我想更換沒有數據值與兩邊最接近的數值的平均值，但是有些沒有數據值的數據值最接近也沒有數據值，取而代之的是有點難度。即我希望將三個無數據值替換爲-2。我已經創建了一個循環來通過每個標量陣列和測試爲無數據：

for k in this_array: 
    if k == 9999: 
     temp = np.where(k == 9999, (abs(this_array[k-1]-this_array[k+1])/2), this_array[k]) 
    else: 
     pass 
this_array[k] = temp

但是我需要在添加如果功能或方式，採取前k-1個或後k處的值+1如果也等於9999例如：

if np.logical_or(k+1 == 9999, k-1 == 9999): 
    temp = np.where(k == 9999, (abs(this_array[k-2]-this_array[k+2])/2), this_array[k])

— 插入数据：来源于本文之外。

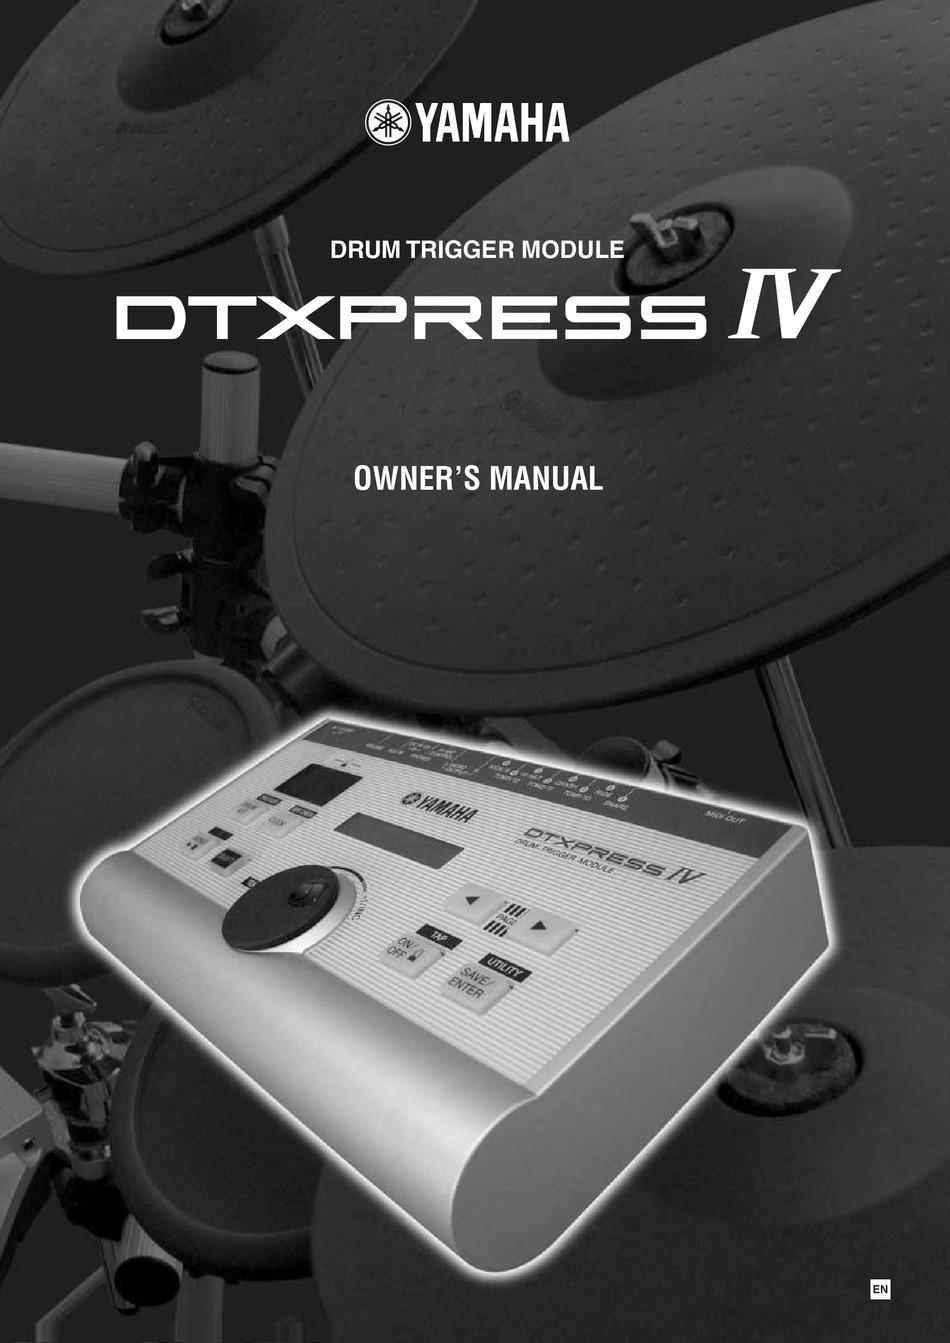 Yamaha Dtxpress Iv Owner S Manual Pdf Download Manualslib
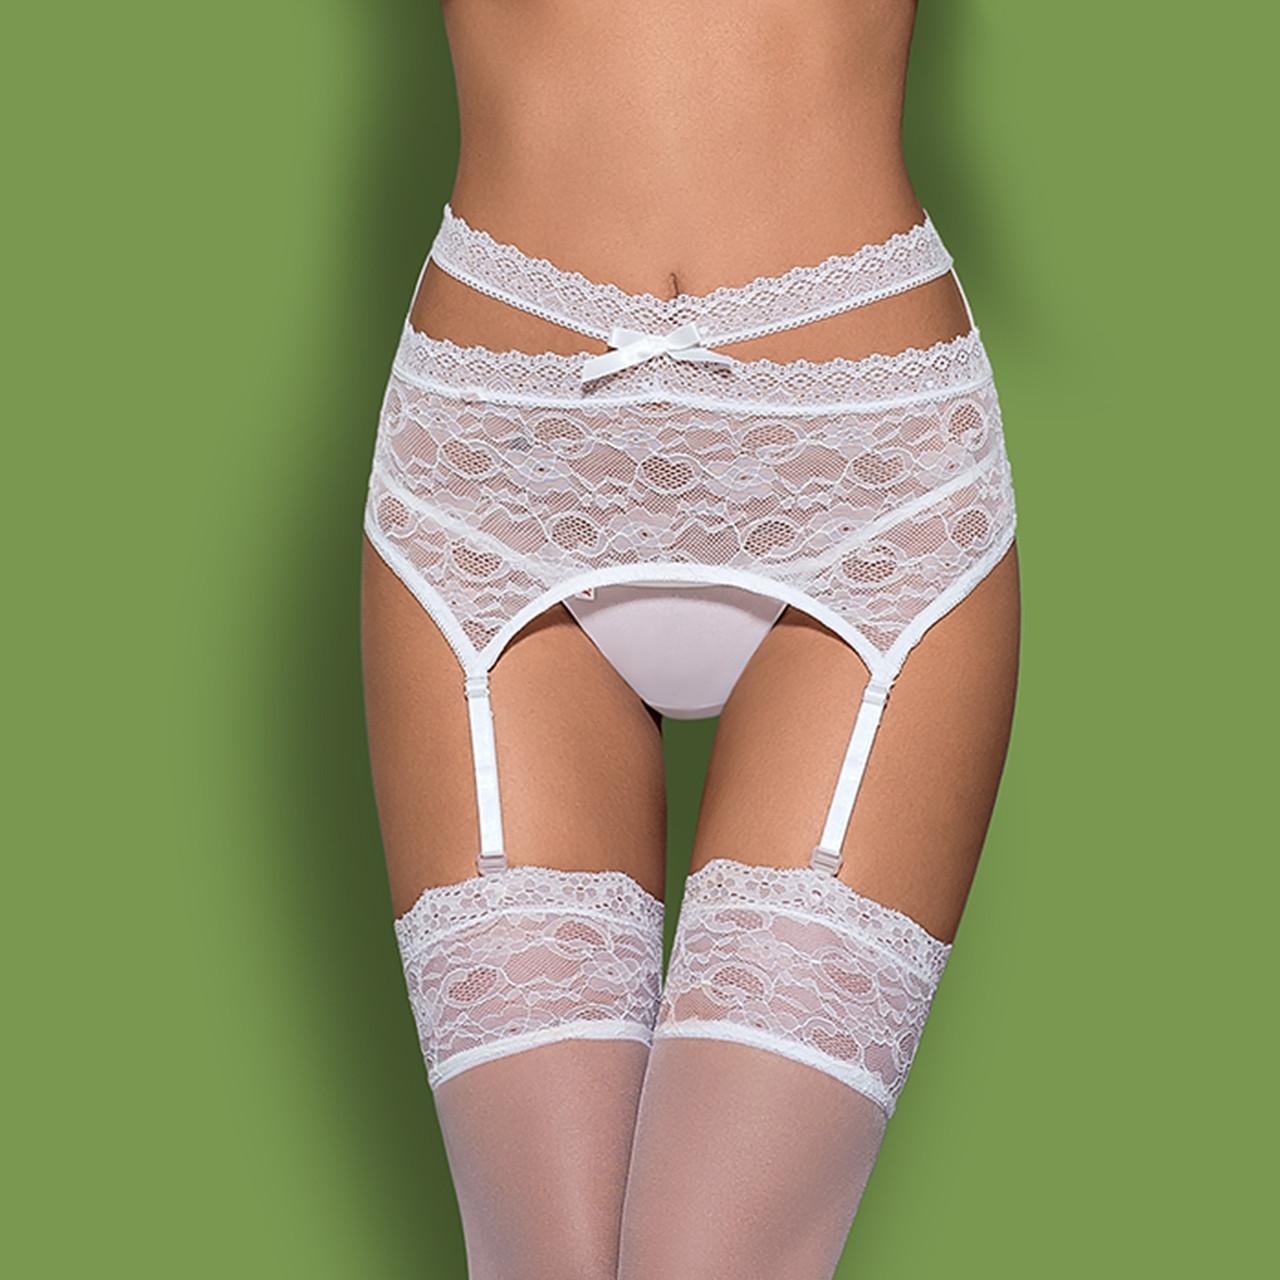 Белый кружевной пояс Obsessive Swanita garter belt white

正如一看就知道，這個代碼就會變得混亂作爲一個可能最終採取了錯誤的值或嵌套IF函數加載結束了。有沒有人知道一個更清晰的方法來實現這一點，因爲它在整個數據集中都非常可變？

根據要求：如果第一個和/或最後一個點沒有數據，他們最好用最近的數據點替換。

來源

2012-12-18 AJEnvMap

如果列表中的最後一個元素是'9999'，該怎麼辦？你想用它取代什麼樣的價值？ – Cameron

@Cameron道歉，如果最後一個元素是「9999」，那麼它可以被替換爲倒數第二個元素。謝謝。 – AJEnvMap

可能有numpy的功能做到這一點更efficeint方式，但這裏是使用溶液的itertools module：

from itertools import groupby 

for k, g in groupby(range(len(this_array)), lambda i: this_array[i] == 9999): 
    if k: 
     indices = list(g) 
     new_v = (this_array[indices[0]-1] + this_array[indices[-1]+1])/2 
     this_array[indices[0]:indices[-1]+1].fill(new_v)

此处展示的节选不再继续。